Casson got out and stood by the half-open door, nodded toward the passenger side of the car. “There’s a man hurt,” he said.
The
Leutnant
walked around to have a look, bent over and peered into the car. The sergeant’s eyes were closed, mouth open, head back. A bloody rag around his arm, a dark stain on the upholstery. The
Leutnant
hesitated, looked in Casson’s direction. Casson saw a possibility. “I don’t really know exactly how he got himself in this condition but it’s important that he see a doctor as soon as he can.” He said it quickly.
The
Leutnant
froze, then squared his shoulders and walked away.
The road lay in shadow—six in the morning, shafts of sunlight in the pine forest. Five cars had been stopped, as well as two rickety old trucks taking pigs to market. Amid the smell and the squealing, a German officer was trying to make sense of the drivers’ papers while they stood to one side looking sinister and apprehensive. By the car ahead of Casson, four men, dark, unshaven, possibly Gypsies, were trying to communicate with a man in a raincoat, perhaps a German security officer. Suddenly angry he yanked the door open, and a very pregnant, very frightened woman struggled out with hands held high in the air.
The young
Leutnant
came striding back to Casson’s car, a policeman in tow—an officer of the
Gendarmerie Nationale,
French military police with a reputation for brutality. The gendarme was angry at being asked to intervene. “All right,” he said to Casson, “what’s going on?”
“This man is injured.”
“How did it happen?”
“I’m taking him to a doctor.”
The gendarme gave him a very cold look. “I asked how.”
“An accident.”
“Where?”
“Working, I believe. In a garage. I wasn’t there.”

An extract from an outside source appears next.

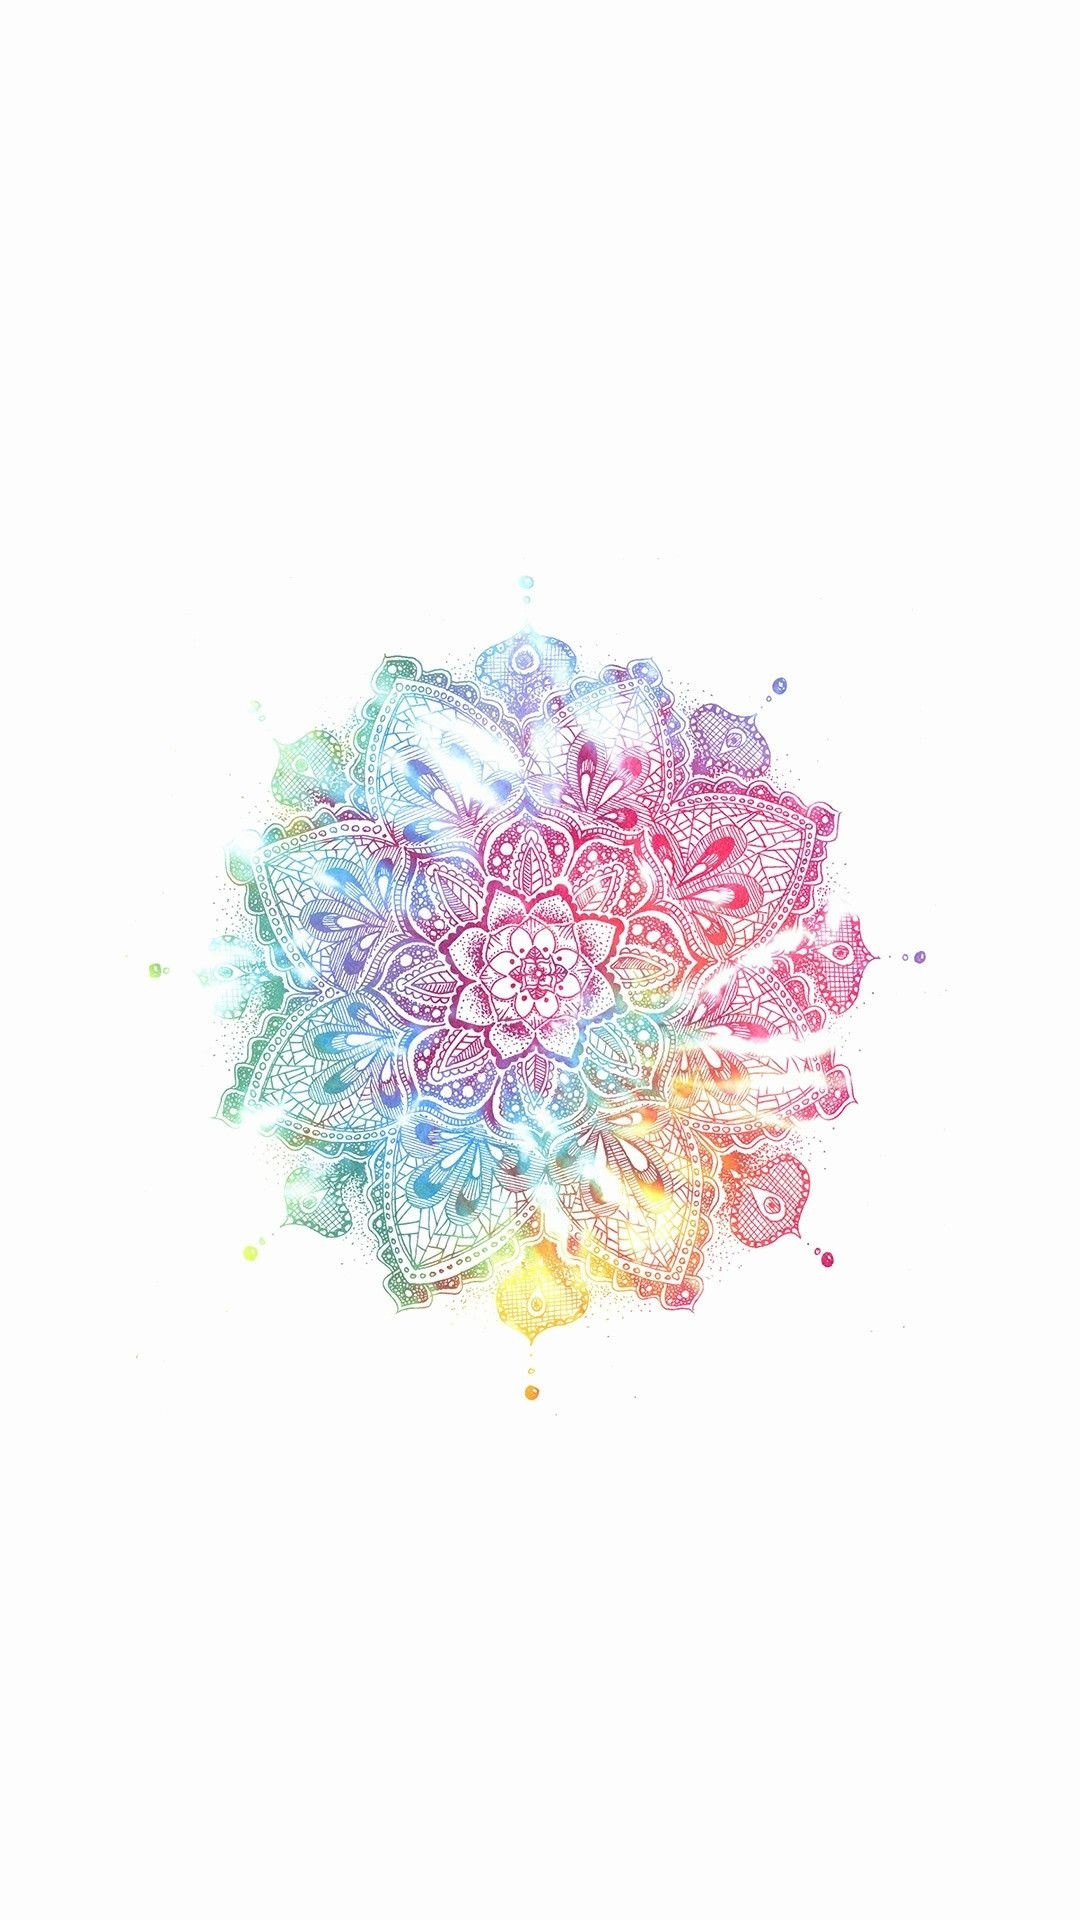 Flower mandala wallpapers, Whimsical floral designs, Vibrant colors, Botanical art, 1080x1920 Full HD Handy

The gendarme’s eyes were like steel.
Salaud—
you bastard—trying to play games with me? In front of a German? I’ll take you behind a tree and break your fucking head. “Open the trunk,” he said.

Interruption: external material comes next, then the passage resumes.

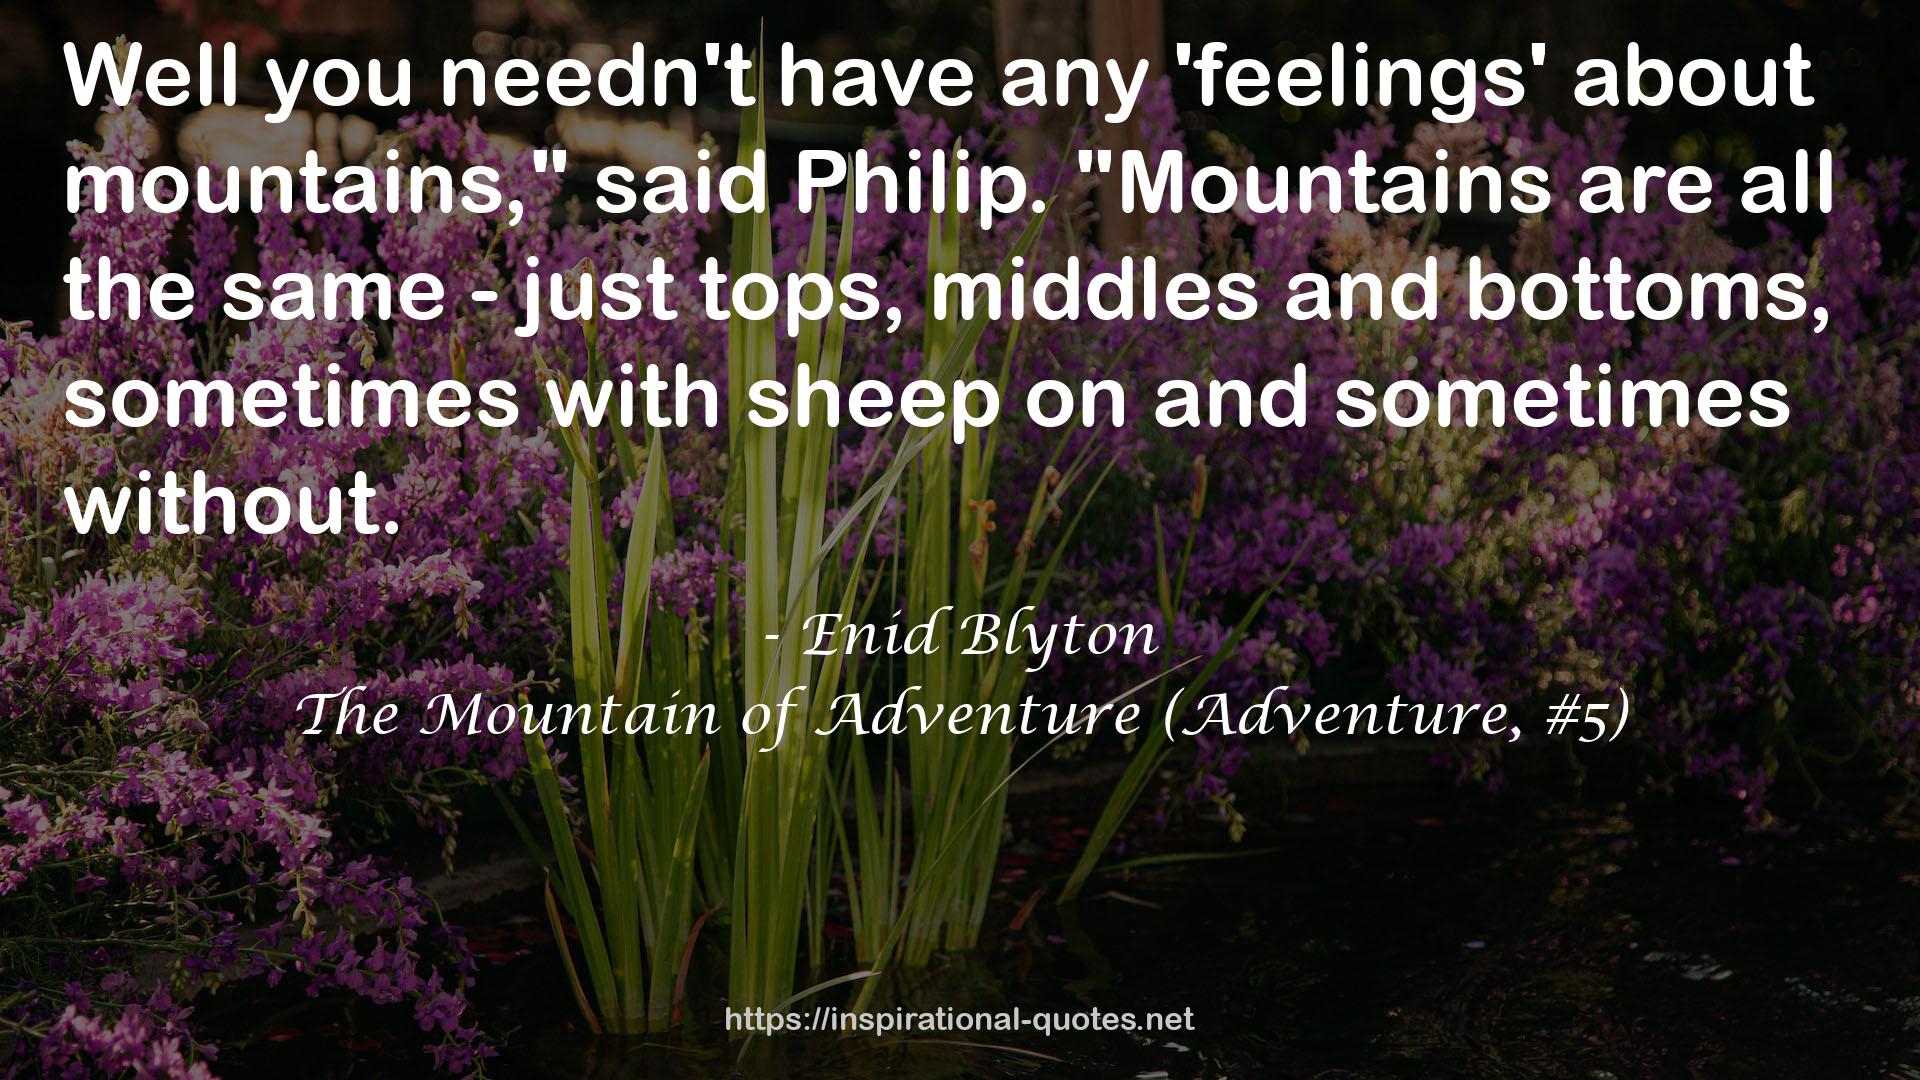 The Mountain of Adventure (Adventure, #5) QUOTES

Casson fumbled with the latch, then got it open. The intense odor of almonds, characteristic of plastic explosive, came rolling out at them. The
Leutnant
said “Ach,” and stepped back. “What is it?” the gendarme said.
“Almonds.”
The two valises were in plain sight, packed with francs, dollars, radio crystals, and explosive. Tonton Jules, just before they left, had tossed an old blanket over the two crates holding the sten guns and ammunition. Casson, at that moment, had thought it a particularly pointless gesture.